Prenons un exemple concret : combien de fois avez-vous déjà évalué le taux d’engagement de votre partenaire dans votre relation de couple ? J’observe que très souvent la question suivante est posée :
« Mon bébé, ma caille, mon chéri ou ma chérie (choisissez le terme qui vous représente le mieux) qu’est-ce que tu serais prêt(e) à faire pour me prouver ton amour » ?
« Oh mon amour, pour toi, je serais prêt(e) à manger des insectes, gravir l’Everest (je vous recommande le film « Ascension » disponible sur Netflix et qui aborde exactement cette option), traverser la Manche à la nage, sauter en parachute ou à l’élastique (ces 2 options sont évoquées par de très nombreux couples), faire une journée de shopping, décrocher la lune… »

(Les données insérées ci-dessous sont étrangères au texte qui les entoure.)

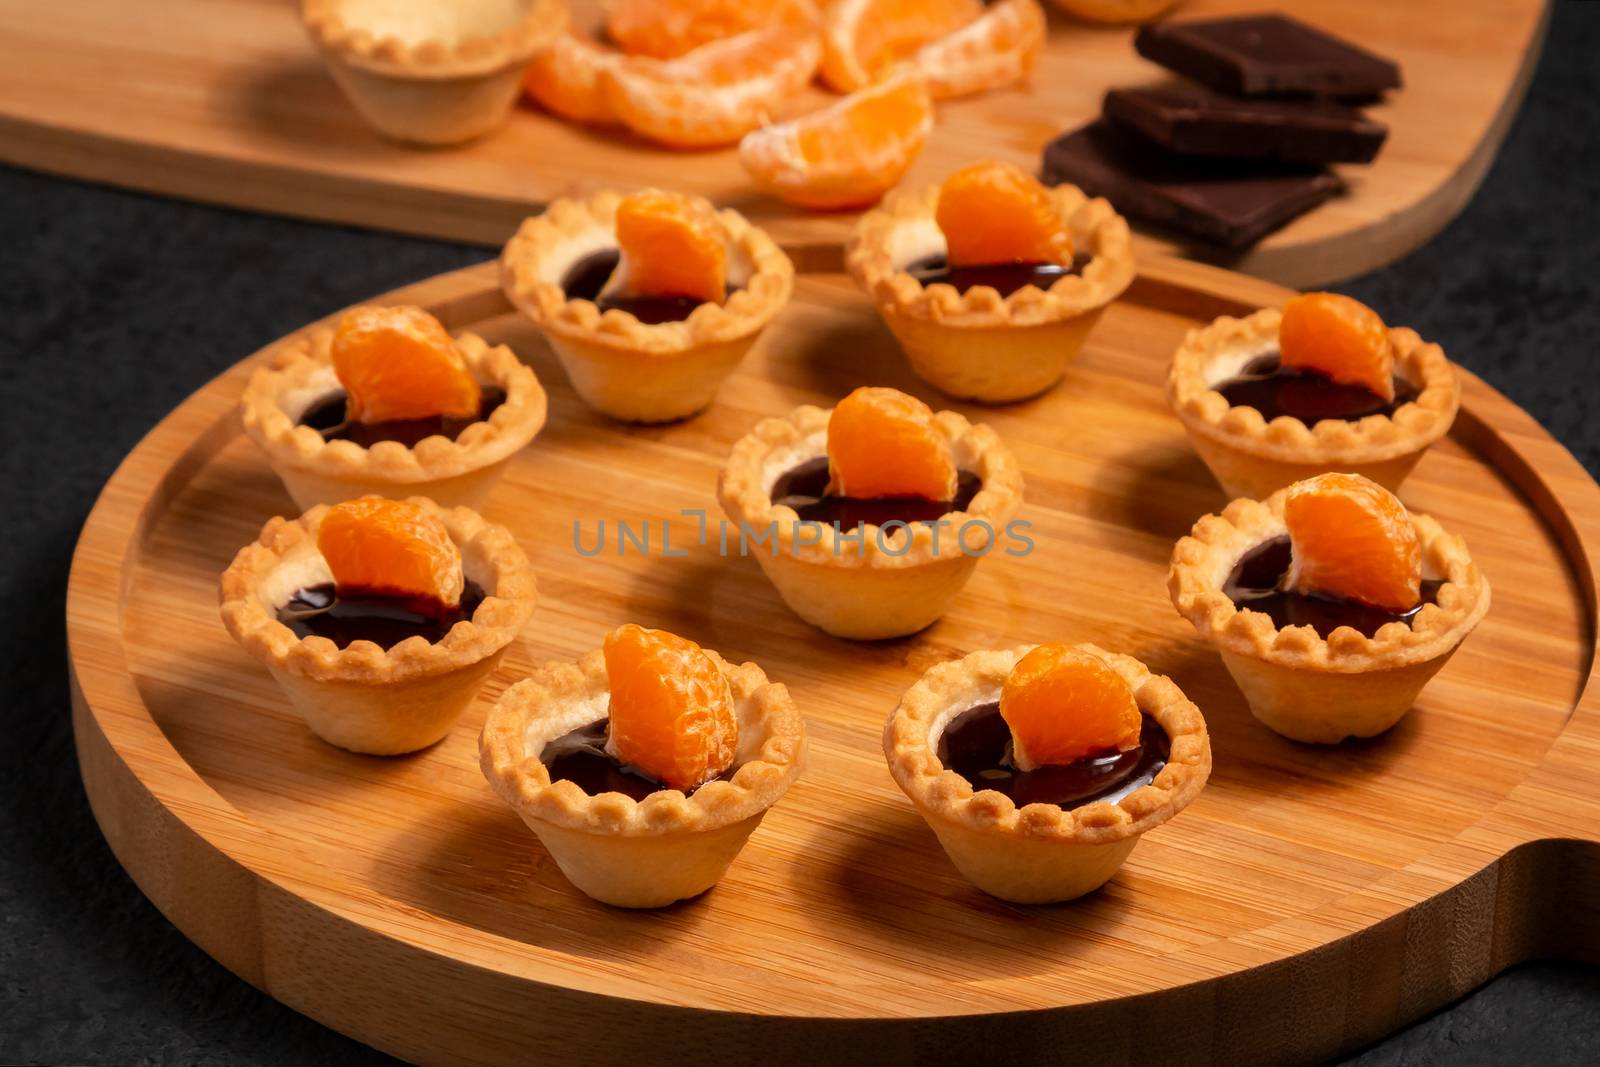 Sweet tartlets with chocolate and slices of tangerine on a wooden dish for serving.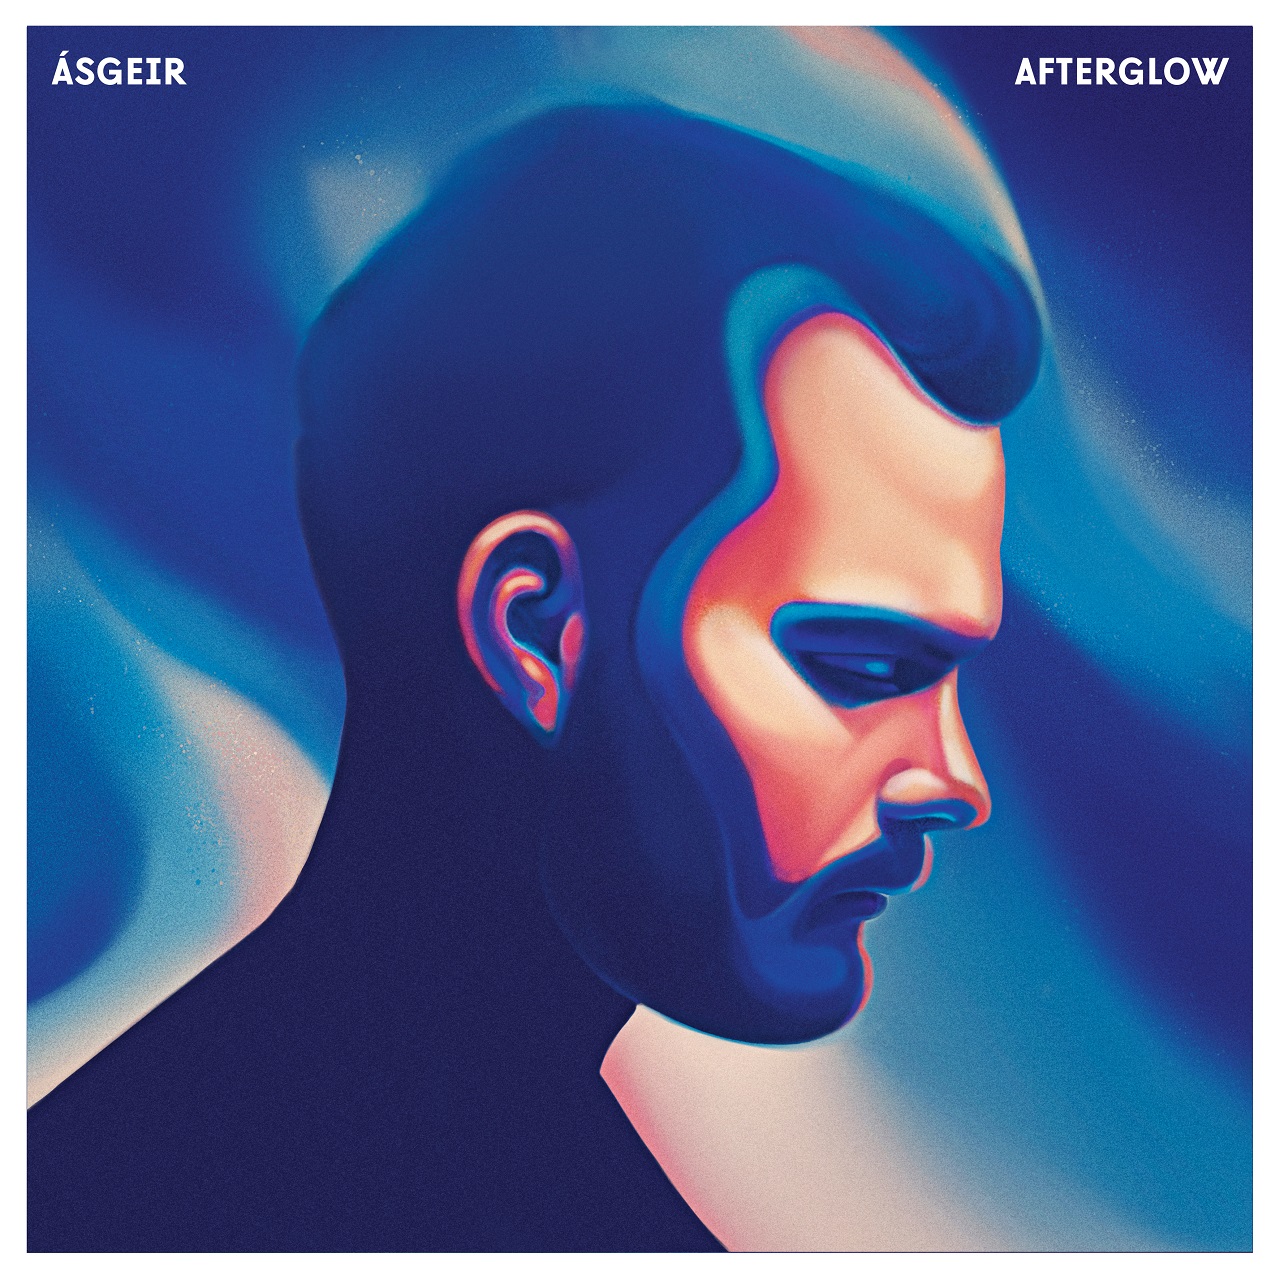 Cover Album "Afterglow"

« C’est trop mignon mon amour…et dis-moi…qu’est-ce que tu ferais en premier » ?
« Probablement que je décrocherais la Lune mon coeur » …
Je vous propose à présent de mettre une nuance presque imperceptible dans vos questions…sur la terminaison qui était si imparfaite à mes yeux tout à l’heure. Cela donne, après le petit nom sympa que vous utilisez entre vous :
« … qu’est-ce que tu seras prêt(e) à faire pour me prouver ton amour » ?

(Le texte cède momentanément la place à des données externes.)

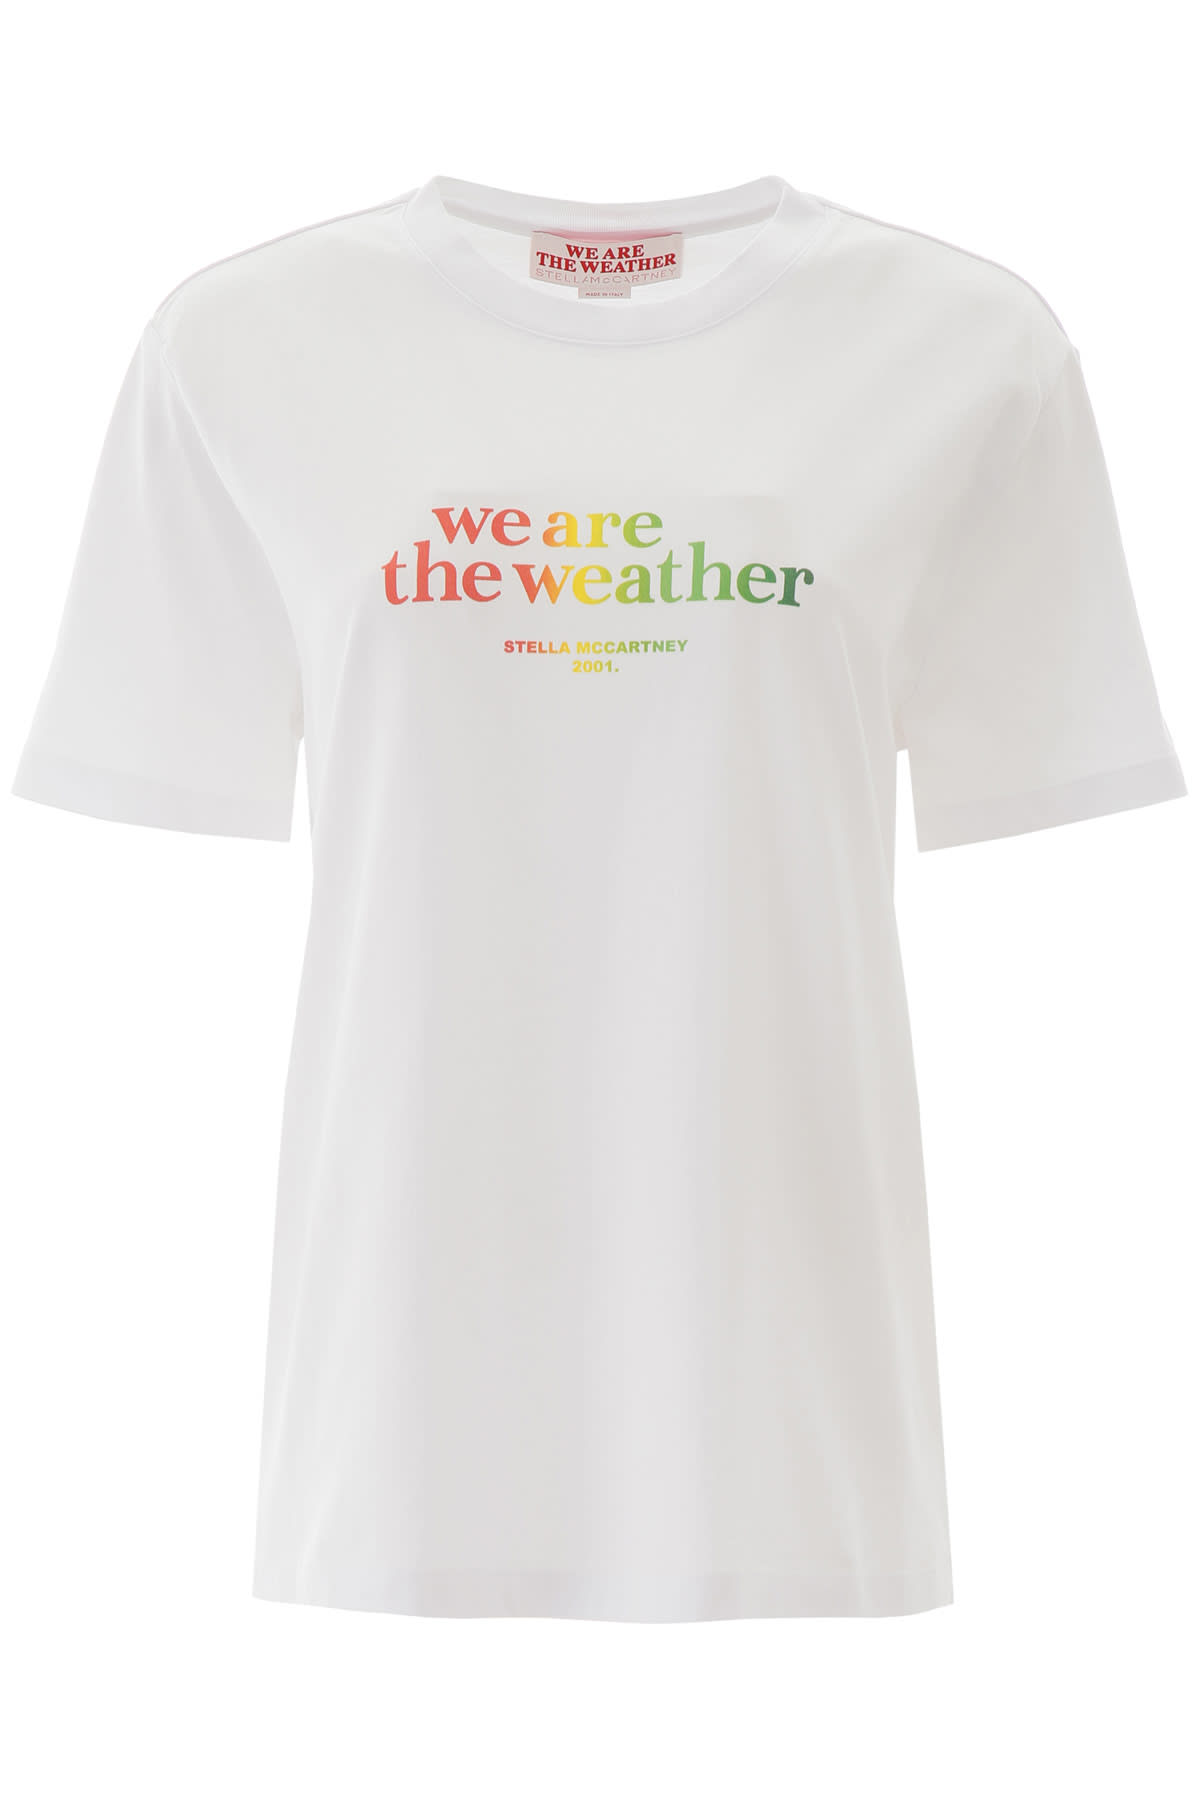 STELLA MCCARTNEY WE ARE THE WEATHER T-SHIRT,11251031

Il y a fort à parier que votre partenaire aura saisi la nuance mais que son cerveau pétri d’habitudes s’empressera de répondre de la même façon :
« Je répète, mon amour, pour toi, je serais prêt(e) à manger des insectes, gravir l’Everest, traverser la Manche à la nage, sauter en parachute ou à l’élastique, faire une journée de shopping, décrocher la lune… »
« Dis-moi, qu’est-ce que tu FERAS en premier » ?
« Euh…je crois que…je vais sortir les poubelles… » !
Vous l’avez compris, le conditionnel n’engage strictement à rien. En revanche, vous l’avez probablement senti, le futur est beaucoup plus engageant et dès lors nettement moins confortable. Nous sommes pourtant câblés sur l’autoroute du conditionnel.
« Si tu avais une baguette magique, qu’est-ce que tu ferais » ?
« Dans un monde idéal, monsieur le client, qu’est-ce que vous feriez » ?
Ces questions vous seront probablement utiles selon le contexte, l’objectif ou l’interlocuteur mais si vous souhaitez vraiment induire une action, je vous invite à abandonner la forme douce et polie pour lui préférer une déclinaison au futur dans laquelle le questionné pourra réellement se projeter.
« En tête-à-tête, tu dirais quoi » ? ➡ « En tête-à-tête tu diras quoi » ?
« Tu te sentirais comment d’avoir osé » ? ➡ « Tu te sentiras comment d’avoir osé » ?
« Et ça changerait quoi d’après-toi » ? ➡ « Et ça changera quoi d’après-toi » ?
“Le conditionnel est la plus jolie conjugaison du monde, et il va sans dire, la plus confortable.” (Paule Saint-Onge / La saison de l’inconfort)
Quand vous aurez testé et adopté la formulation au futur, qu’est-ce qui deviendra possible ? Abandonner le conditionnel vous permettra de gagner quoi ?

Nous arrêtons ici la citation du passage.